But on the kernel command line maxcpus=1 should work.
Reply | Threaded
Open this post in threaded view
|

Re: High CPU on one core, but unable to find process responsible

arch general mailing list-2
In reply to this post by David Rosenstrauch


On 2018年03月12日 11:19, David Rosenstrauch wrote:

> My server's been exhibiting some very strange behavior lately.  Every
> couple of days I run into a situation where one core (core #0) on the
> quad core CPU starts continuously using around 34% of CPU, but I'm not
> able to see (using htop) any process that's responsible for using all
> that CPU.  Even when I tell htop to show me kernel threads too, I
> still am not able to see the offending process.  Every process remains
> under 1% CPU usage (except for occasional, small, short-lived spikes
> up) yet the CPU usage on that core remains permanently hovering at
> around 34%.  The problem goes away when I reboot, but then comes back
> with a day or so.
>
> I'm rather stumped as to how to fix this.  The server is a bit old,
> running an up-to-date installation of Arch on a Intel Core 2 Quad
> Q6600 CPU.  Any suggestions anyone might have as to either what might
> be going on here, or how to go about debugging it would be greatly
> appreciated.
>
> Thanks!
>
> DR
Can you check whether you have enabled "Detailed CPU time" option in
htop's setup (F2 -> Display options -> "Detailed CPU time")?
From my experience and understanging, htop's CPU meter is accounting
IO-wait/IRQ-response time by default but not showing them differently
unless you enabled the "Detailed CPU time" option.
And these waiting time is not accounted on each process or kernel
thread. Enabling that said option will revail more detailed CPU usage info.
High IO-wait or IRQ time is itself an indication of some misbehaving
hardware, but at least you can be sure that it is not by more
"dangerous" malwares or attacks.


signature.asc (499 bytes) Download Attachment
Reply | Threaded
Open this post in threaded view
|

Re: High CPU on one core, but unable to find process responsible

David C. Rankin
In reply to this post by David Rosenstrauch
On 03/11/2018 09:19 PM, David Rosenstrauch wrote:

> My server's been exhibiting some very strange behavior lately.  Every couple
> of days I run into a situation where one core (core #0) on the quad core CPU
> starts continuously using around 34% of CPU, but I'm not able to see (using
> htop) any process that's responsible for using all that CPU.  Even when I tell
> htop to show me kernel threads too, I still am not able to see the offending
> process.  Every process remains under 1% CPU usage (except for occasional,
> small, short-lived spikes up) yet the CPU usage on that core remains
> permanently hovering at around 34%.  The problem goes away when I reboot, but
> then comes back with a day or so.
>
> I'm rather stumped as to how to fix this.  The server is a bit old, running an
> up-to-date installation of Arch on a Intel Core 2 Quad Q6600 CPU.  Any
> suggestions anyone might have as to either what might be going on here, or how
> to go about debugging it would be greatly appreciated.
>
> Thanks!
>
> DR

DR,

  You are on to something.

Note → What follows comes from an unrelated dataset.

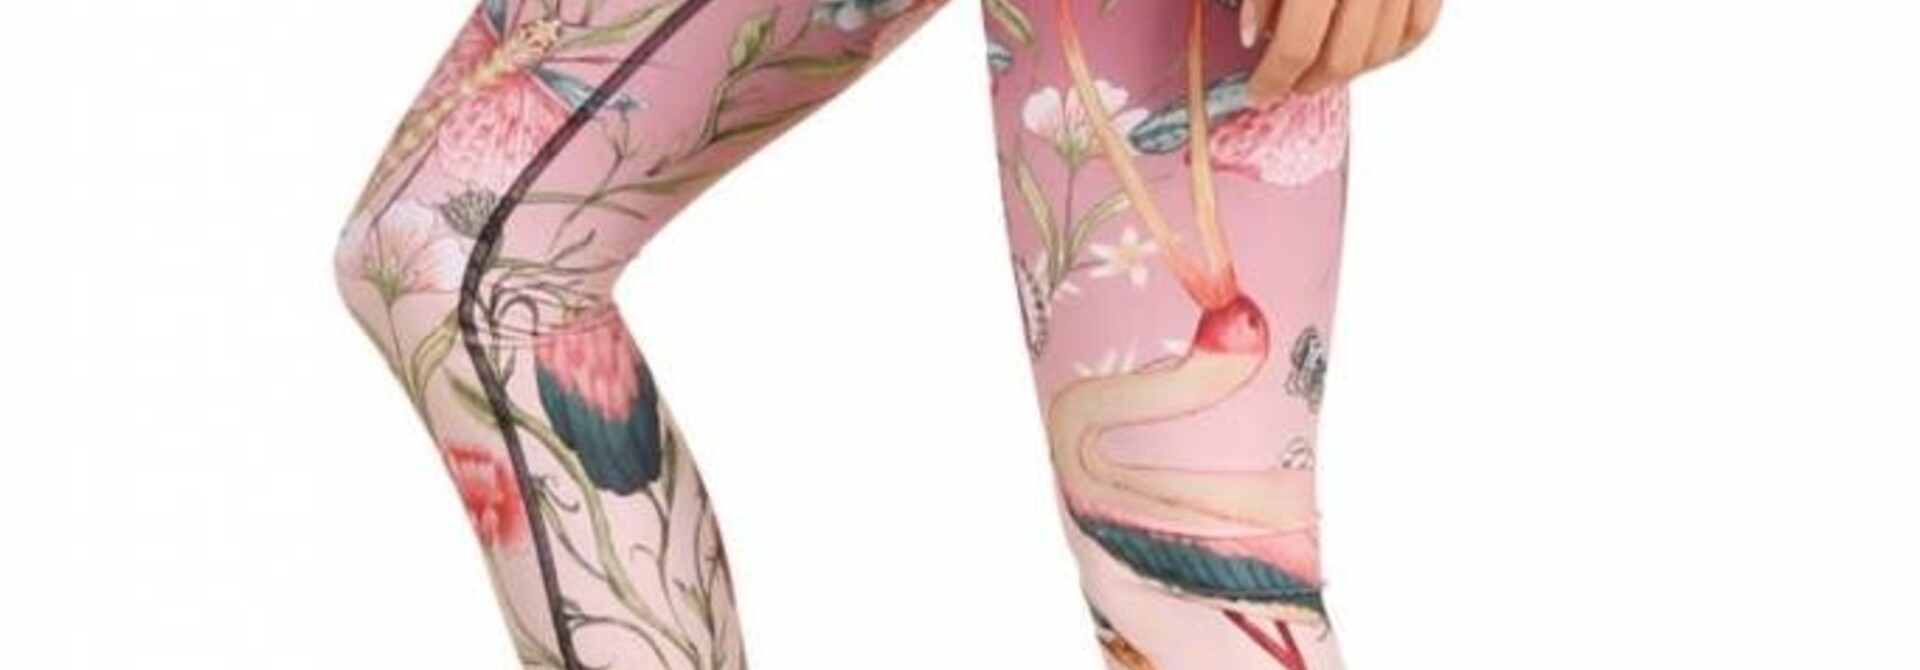 Yoga Democracy Yoga Legging - Pretty In Pink 81 cm Long
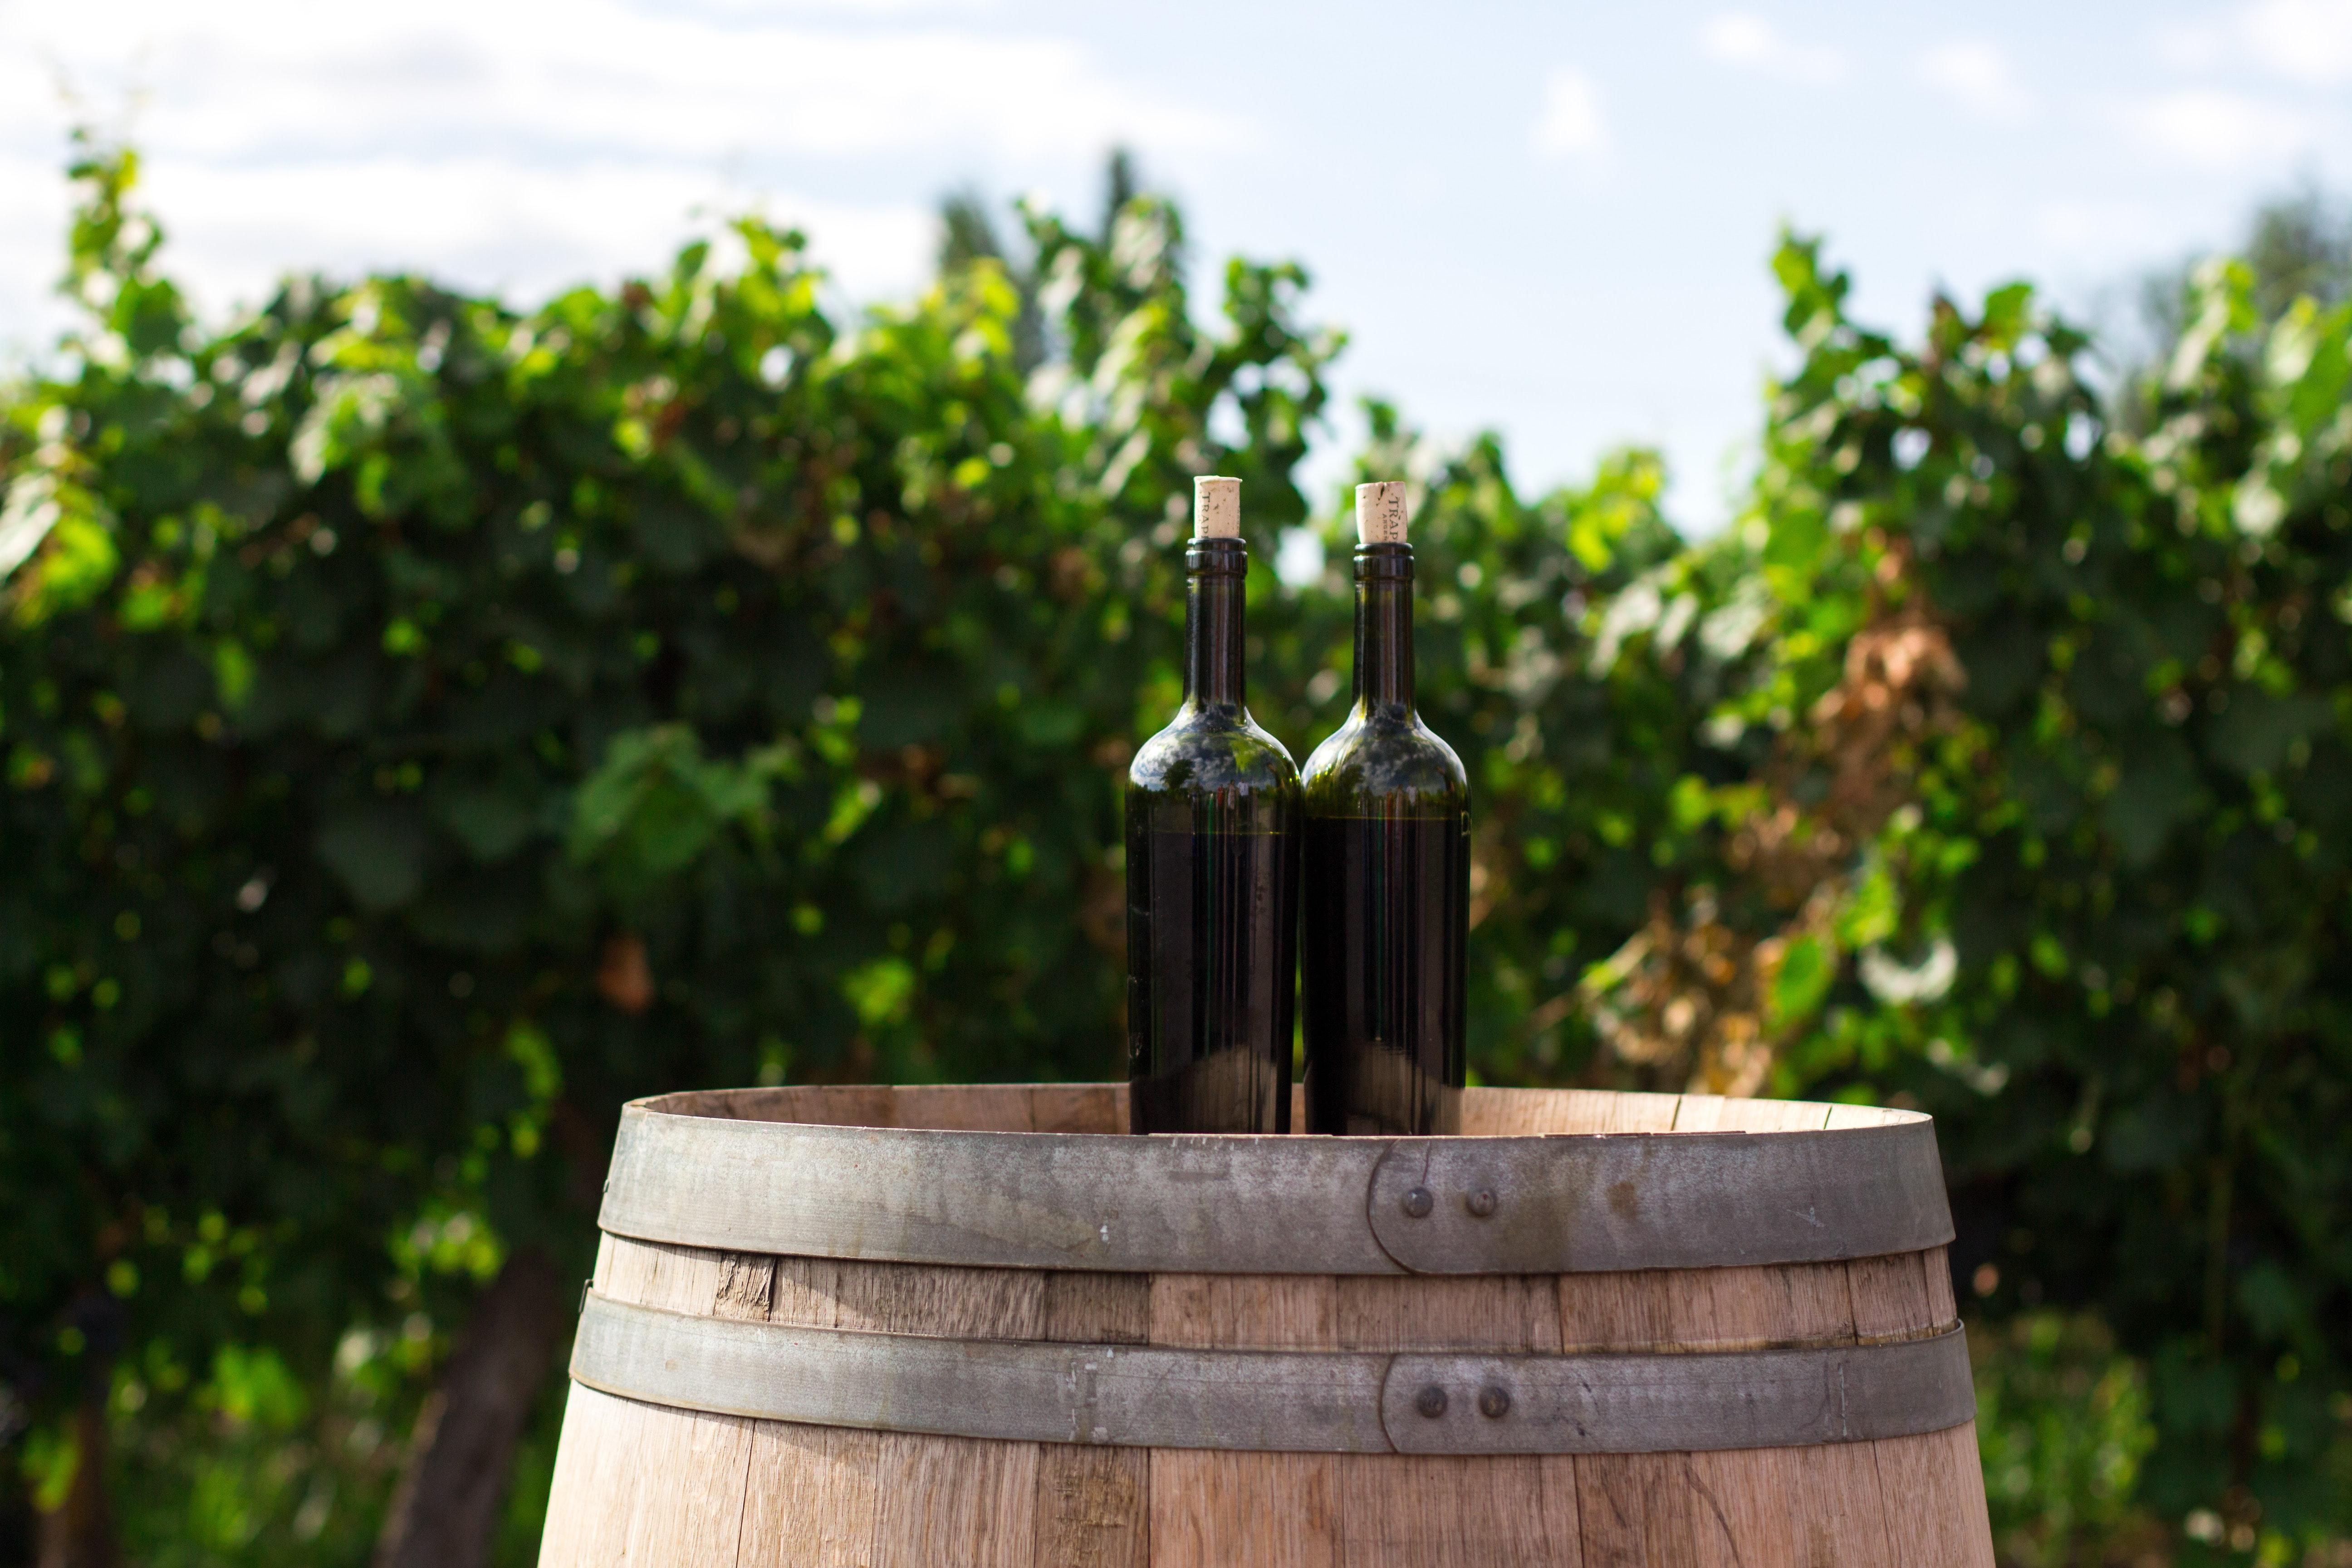 Сталь или дубовая бочка: как выдержка влияет на вино

In the past 24hr. I've experienced two hardlocks on
two separate multi-cpu Arch servers. Both AMD based boxes. One the
dual-quad-core opteron box that was the subject of the 4.15.8 update failure
that left the box unbootable. Then today on a quad-quad-core opteron box that
hardlocked doing a simple rsync from another server on the LAN. Other than the
rsync process, the box is nearly idle, e.g.

top - 19:49:45 up 8 min,  2 users,  load average: 2.93, 2.23, 1.11
Tasks: 271 total,   1 running, 158 sleeping,   0 stopped,   0 zombie
%Cpu0  :   0.0/0.0     0[                                            ]
%Cpu1  :   0.0/0.0     0[                                            ]
%Cpu2  :   0.0/0.0     0[                                            ]
%Cpu3  :   0.0/0.0     0[                                            ]
%Cpu4  :   0.0/0.0     0[                                            ]
%Cpu5  :   0.0/0.0     0[                                            ]
%Cpu6  :   0.0/0.0     0[                                            ]
%Cpu7  :   0.0/0.0     0[                                            ]
%Cpu8  :   0.0/0.0     0[                                            ]
%Cpu9  :   0.0/0.0     0[                                            ]
%Cpu10 :   0.0/0.0     0[                                            ]
%Cpu11 :   0.0/0.7     1[|                                           ]
%Cpu12 :   0.0/0.0     0[                                            ]
%Cpu13 :   0.0/0.0     0[                                            ]
%Cpu14 :   0.0/0.0     0[                                            ]
%Cpu15 :   0.0/0.0     0[                                            ]
GiB Mem :  1.7/62.915   [                                            ]
GiB Swap:  0.0/1.998    [                                            ]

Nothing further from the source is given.